- **TO DO**
Transcribe the listing exactly, so that nothing but the pictures is missing.
(Beginning of DATASET EXCERPT)
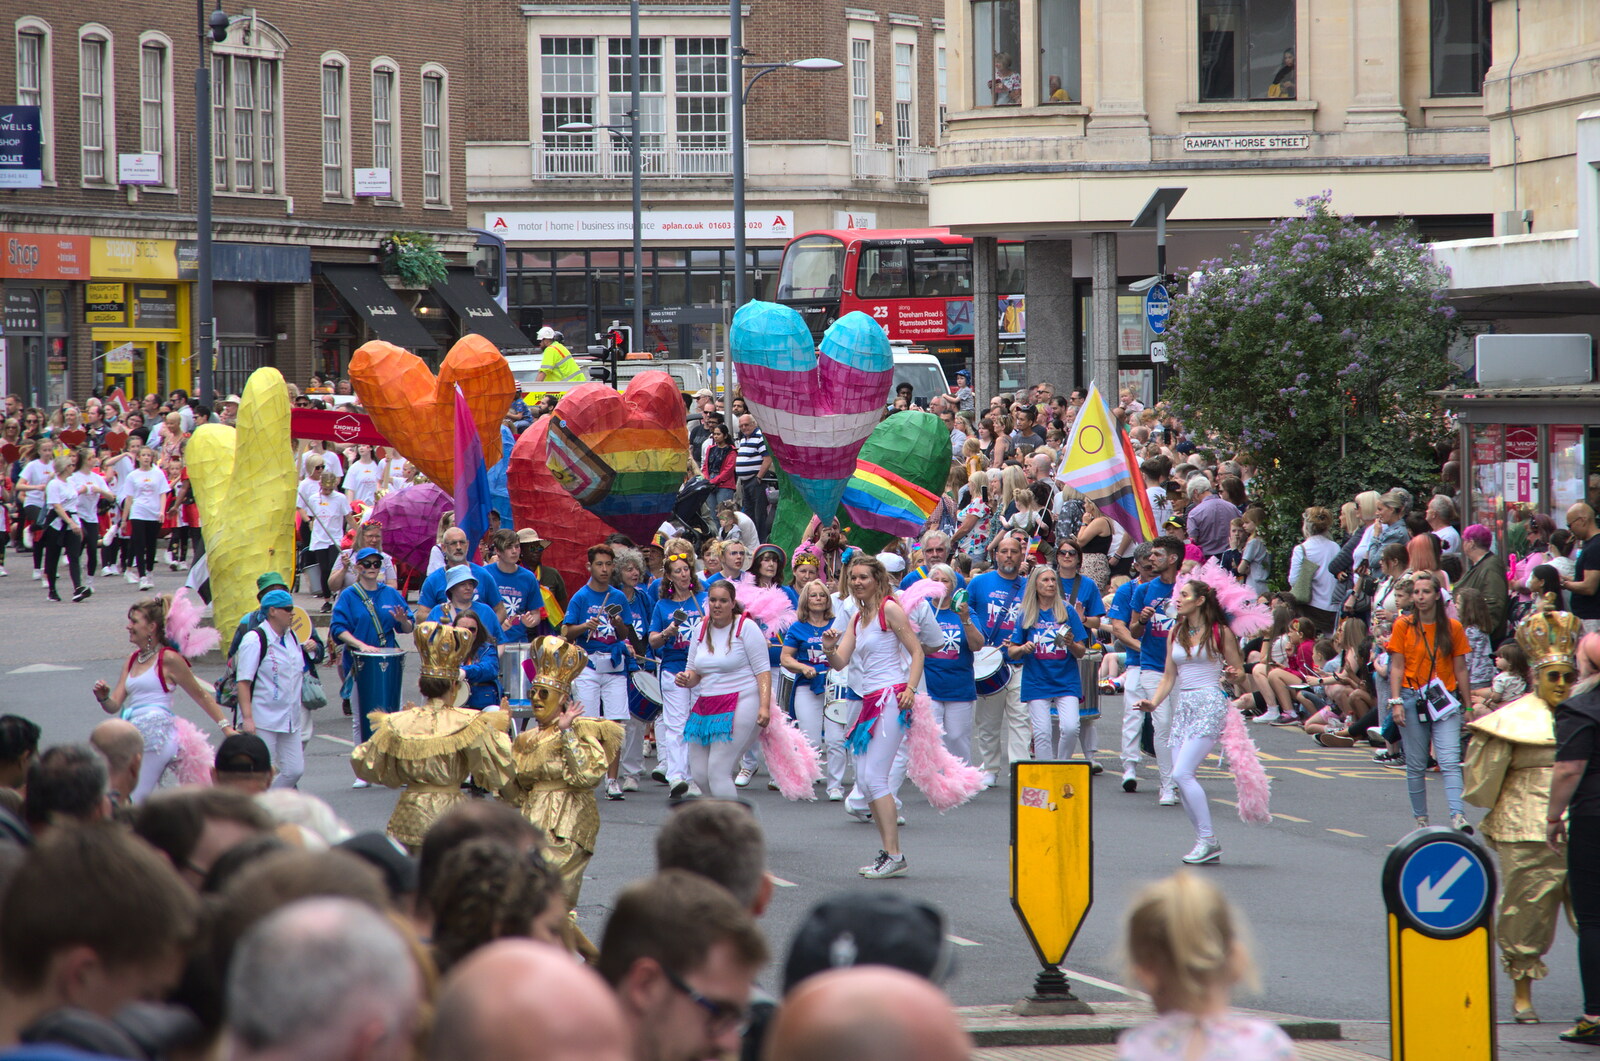 A samba group heads down the street from The Lord Mayor's Procession, Norwich, Norfolk - 2nd July 2022
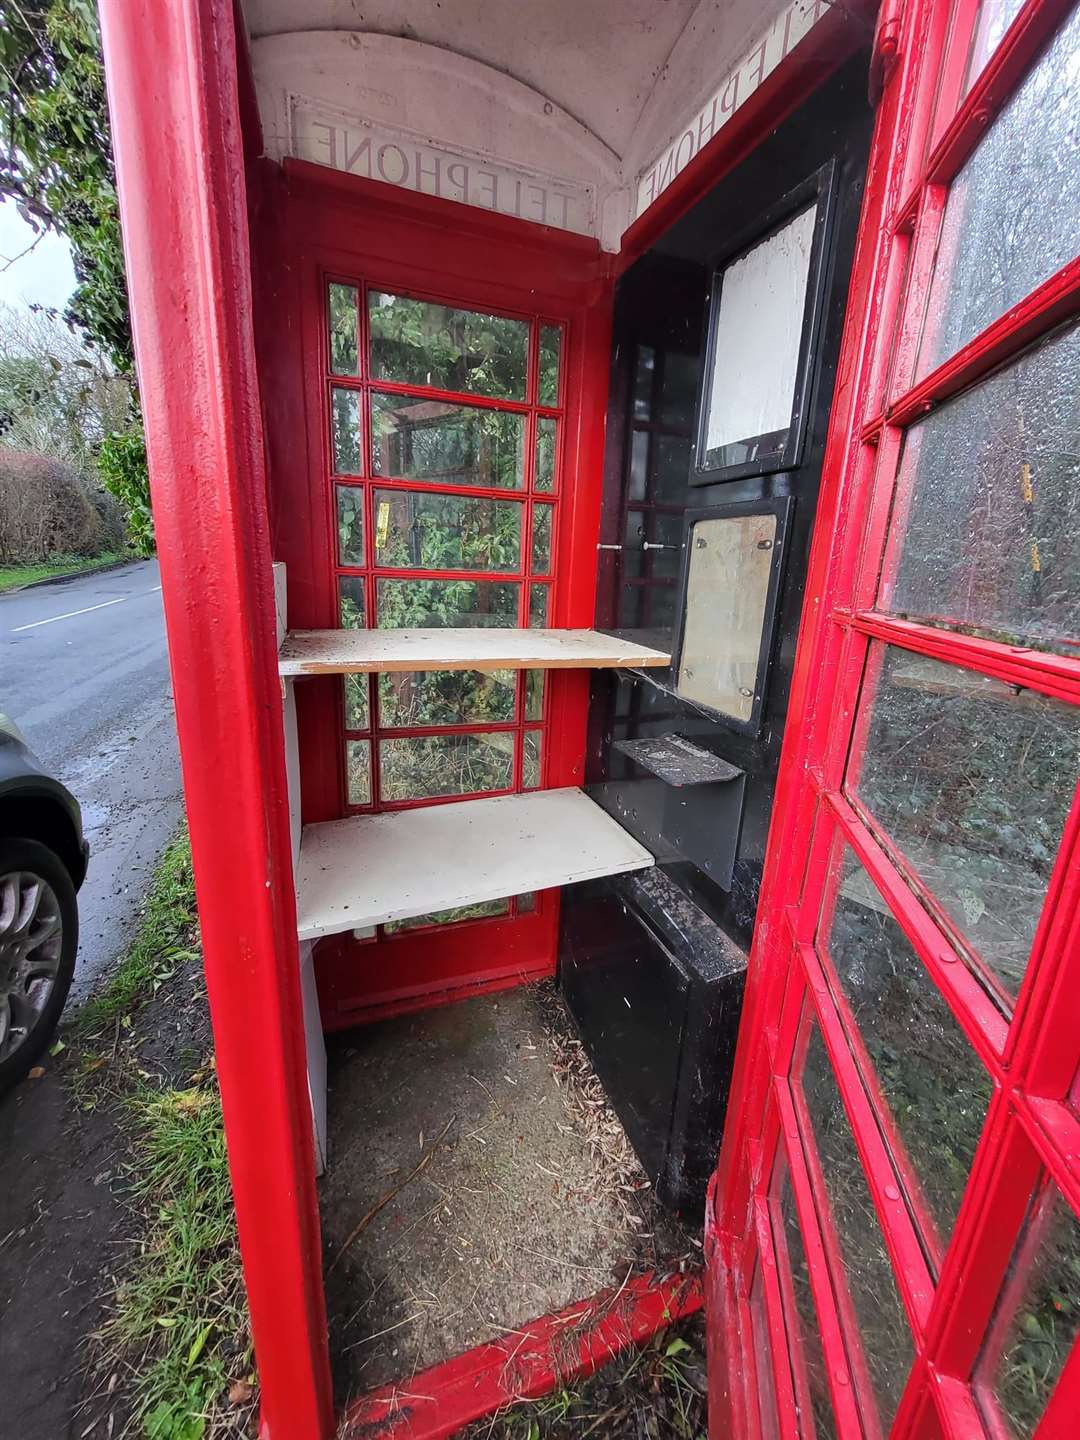 The telephone box library before (Iona Connolly/PA)
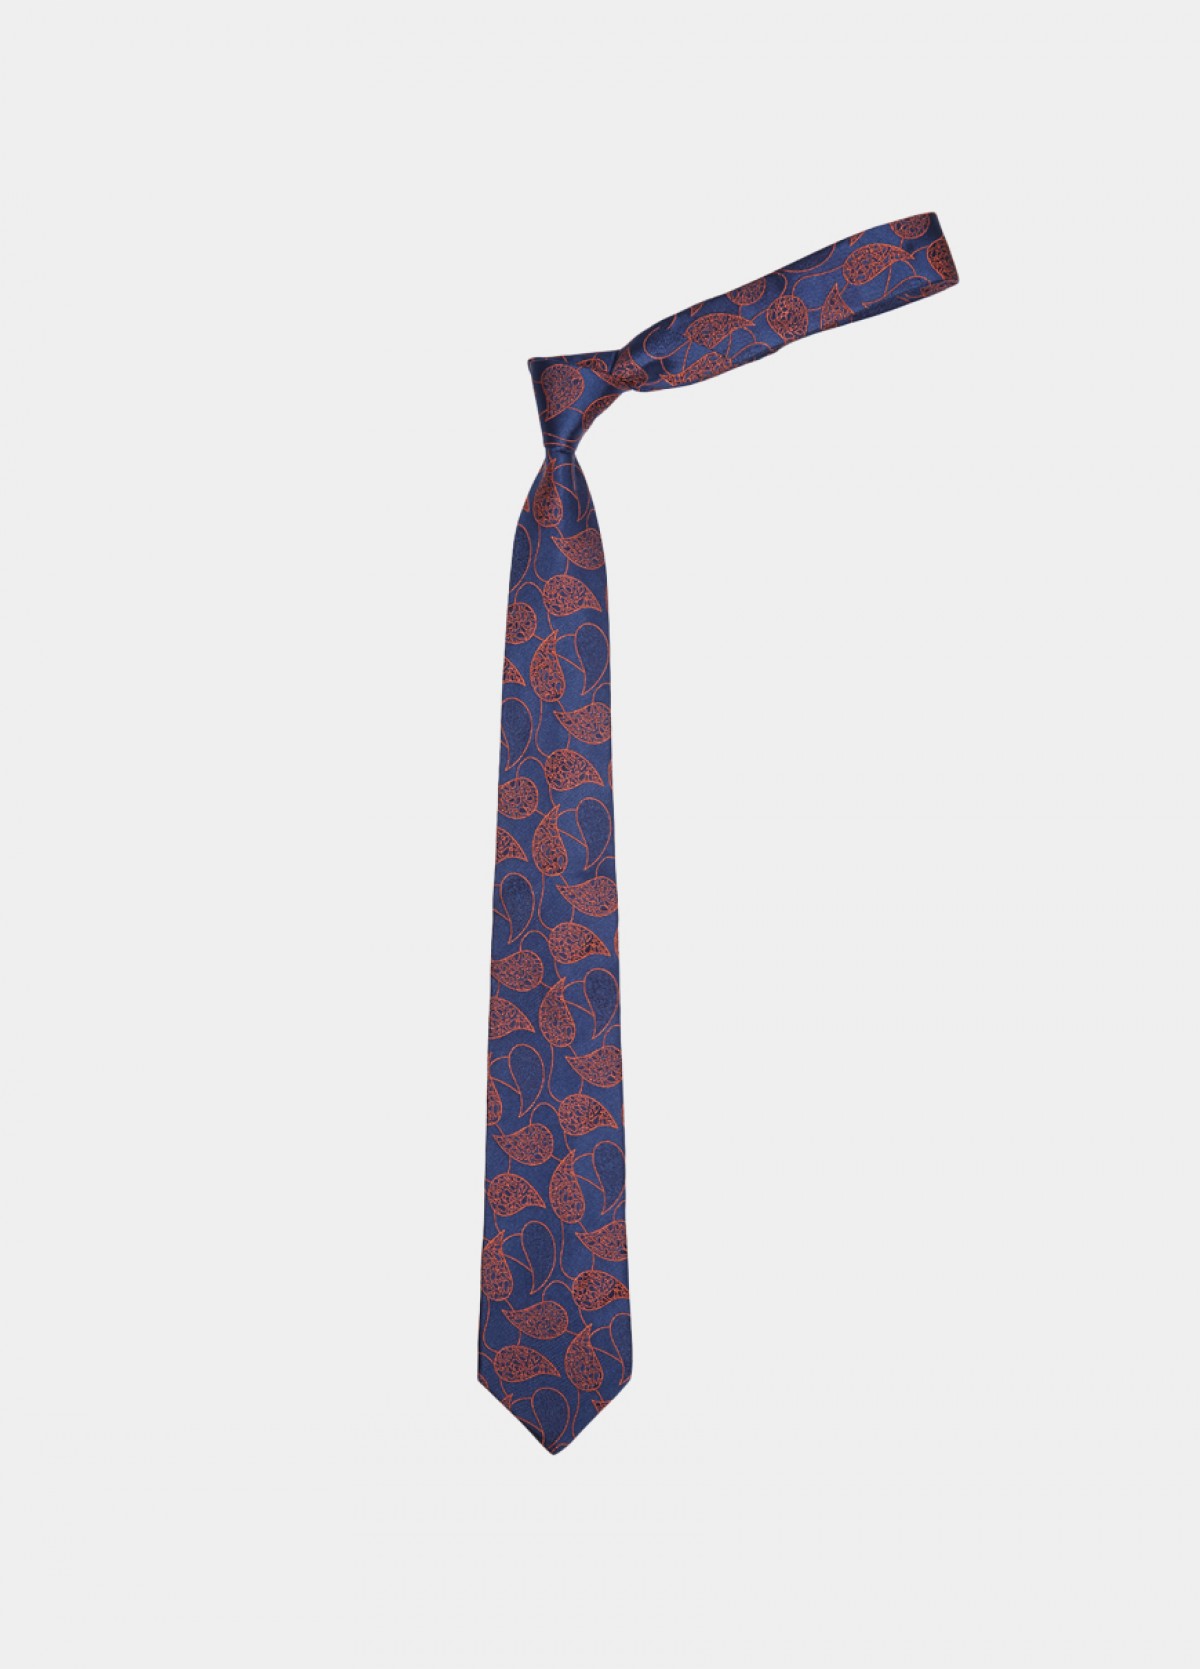 The Silk Stain Resistant Tie
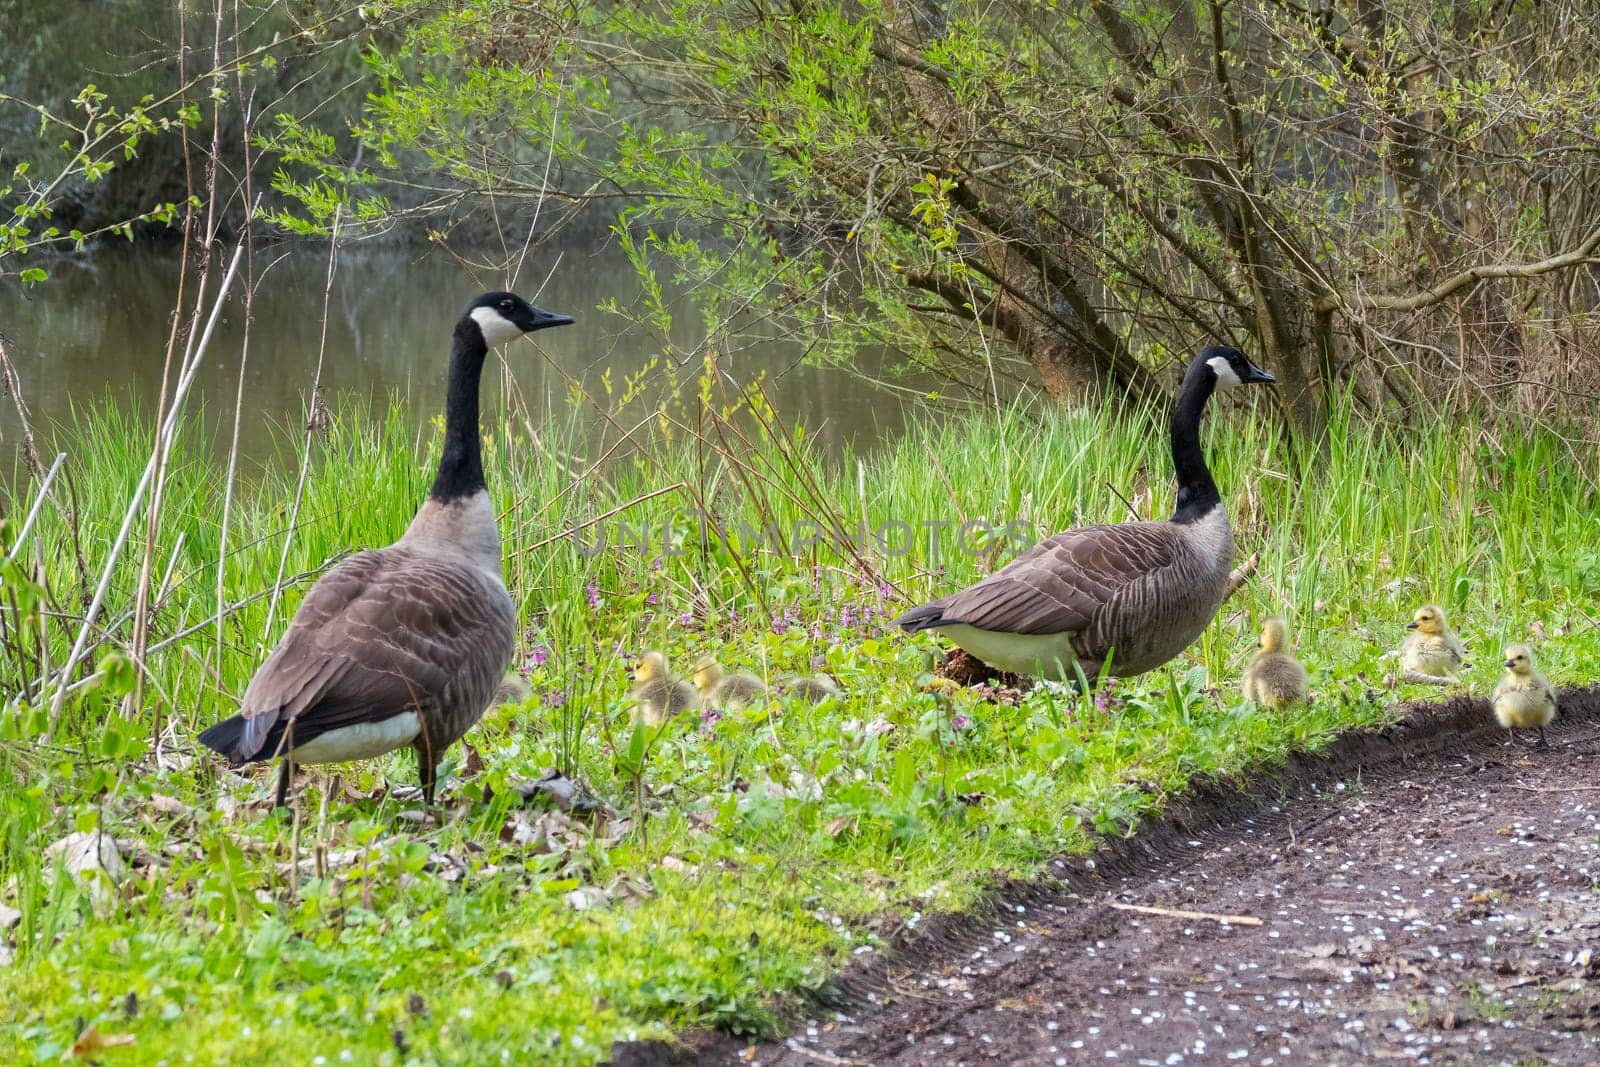 the Branta canadensis or big canadian goose by compuinfoto
(End of DATASET EXCERPT)
- **RESULT BELOW**
 A samba group heads down the street from The Lord Mayor's Procession, Norwich, Norfolk - 2nd July 2022
 The telephone box library before (Iona Connolly/PA)
 The Silk Stain Resistant Tie
 the Branta canadensis or big canadian goose by compuinfoto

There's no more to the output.